This Week in New York Insider's Guide to Arts & Culture in New York City Since 2001

25Aug/14

JOURNALISTS IN FILM: THE PASSENGER

Locke (Jack Nicholson) reevaluates his life in Michelangelo Antonioni’s existential suspense thriller THE PASSENGER

ONE NITE ONLY: THE PASSENGER (Michelangelo Antonioni, 1975)
Nitehawk Cinema
136 Metropolitan Ave. between Berry St. & Wythe Ave.
Tuesday, August 26, 9:30
718-384-3980
www.nitehawkcinema.com

Nominated for the Palme d’Or in Cannes in 1975, Michelangelo Antonioni’s existential suspense thriller is a fascinating character study of a lost, lonely man. Jack Nicholson stars as Locke, a successful, well-respected journalist who is researching a story on the guerrilla movement in Chad. Life isn’t as fun and exciting as it used to be for him, as witnessed by his utter helplessness after his car gets stuck in the sand. Upon returning to his hotel room, he discovers that his neighbor, Robertson (Chuck Mulvehill), is dead — and he decides to switch places with him, to stop being Locke and instead live a completely different existence. Even when he finds out that Robertson was involved in international espionage and gun running, Locke continues the deception, traveling dangerously through England, Germany, and Spain with a free-spirited young architecture student (Maria Schneider) while his wife (Jenny Runacre) and business associate (Ian Hendry) — and the police — try to find him. The Passenger is marvelously slow-paced, never in a hurry to make no point about just what the point of it all is.
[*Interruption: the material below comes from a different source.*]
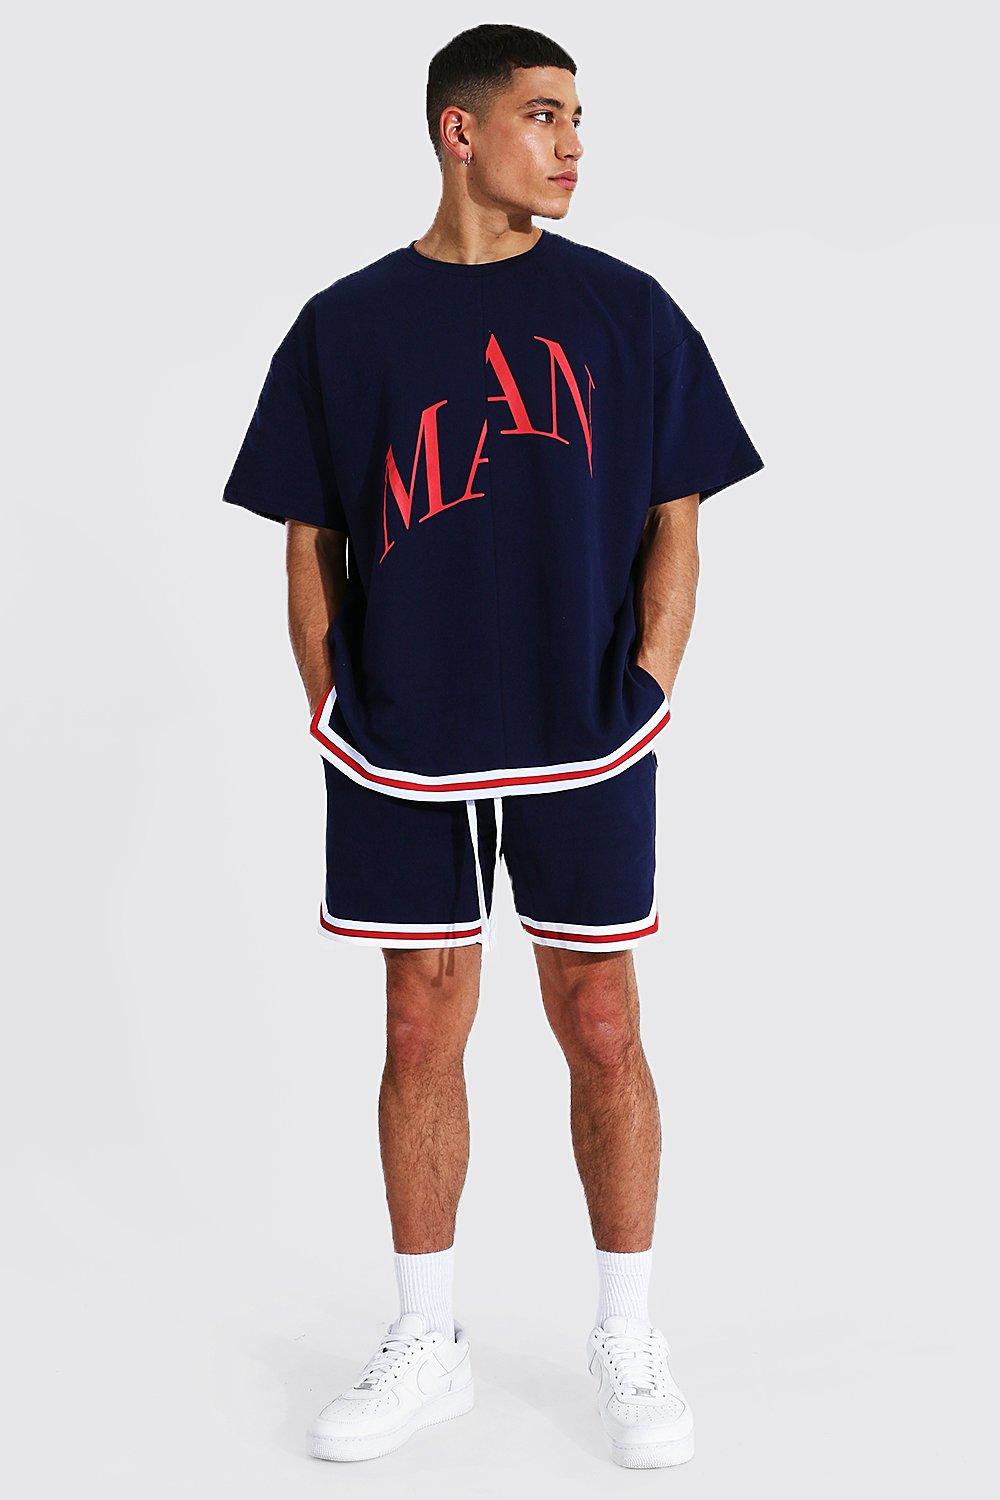 Oversized Man Tape T-Shirt and Basketball

Nicholson glides through the film with an unease that is as unnerving as it is intoxicating as he struggles to find his way in life, a cinematic representative of something that is within each of us. The Passenger is screening in 35mm August 26 at 9:30 (followed by complementary Prym Rum drinks) as part of Nitehawk Cinema’s “One Nite Only” series and “Journalists in Film,” a collaboration with Vice News that continues September 30 with Billy Wilder’s Ace in the Hole and October 28 with Alan J. Pakula’s All the President’s Men.